The score of The Last Vermeer was recorded in the Abbey Road Studios in London. Was it your first time in this studio? ‛No, I did Kon-Tiki in Abbey Road and then the big recordings of Battlefield 1 and Battlefield 5 were made there. It’s a wonderful studio to record your music. Basically some of the world’s best musicians work here, which makes it a thrill to go there. We were in the somewhat smaller studio at Abbey Road, the Studio 2, where the Beatles recorded their songs. We worked with an orchestra of fifty-five people maybe, around the maximum.’ One of the musicians involved was cellist Caroline Dale who has played on many soundtracks before. Söderqvist was impressed by her musicianship. ‛It was a solo session and she played it so good. In other places I have to work maybe four or five hours, but here in three takes you will have something that works. It’s on such a high level. The same goes for the piano player who was to play a hard piano part. I said: okay, here are some notes, and then he played flawlessly four and a half minutes. I don’t have any memories from these recordings other than that it went very smoothly. The musicians can understand the music from hearing it once or look at the sheets, and they know where to go. Fantastic musicians, all of them.’

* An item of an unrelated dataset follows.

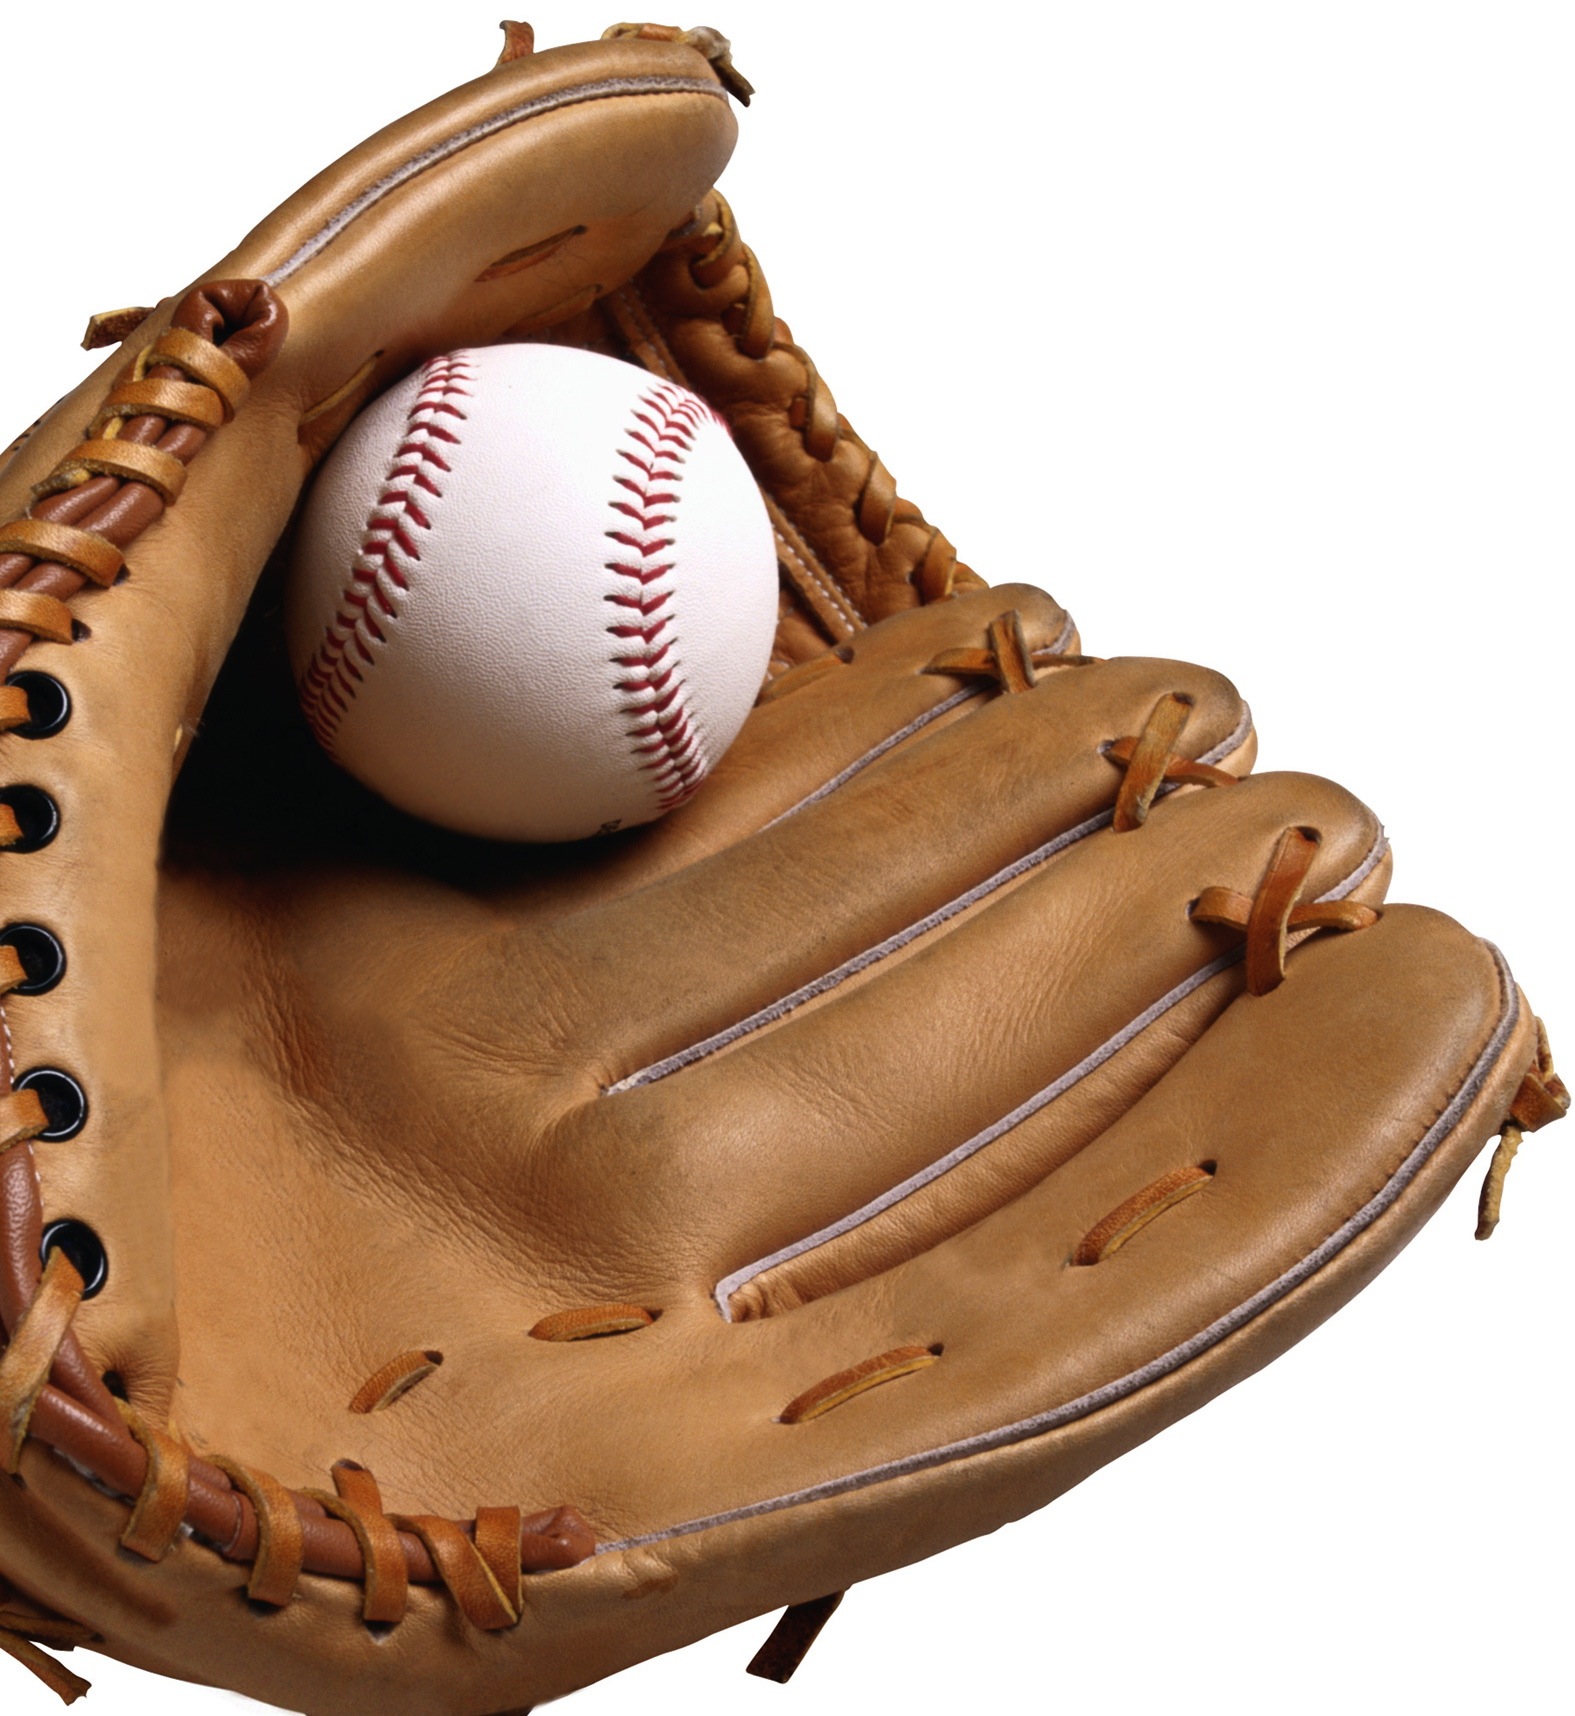 Picture Of Baseball Glove - ClipArt Best

One of the upcoming projects of Söderqvist is Utvandrarna/The Emigrants by Norwegian director Erik Poppe, with whom he already worked on deUsynlige and Kongens nei (2016). Based on the book by Vilhelm Moberg, it was filmed fifty years ago by Jan Troell (the English title then was also The Emigrants), and depicts the story of Swedes who emigrated to the United States in the 19th century. The big budget production is scheduled to open on Christmas day of this year in Sweden. Söderqvist is cautious: ‛Hopefully, the cinemas are open by that time. They have been closed for a long time now, due to the pandemic. I really hope that once people are vaccinated, they can stop this stupid virus.’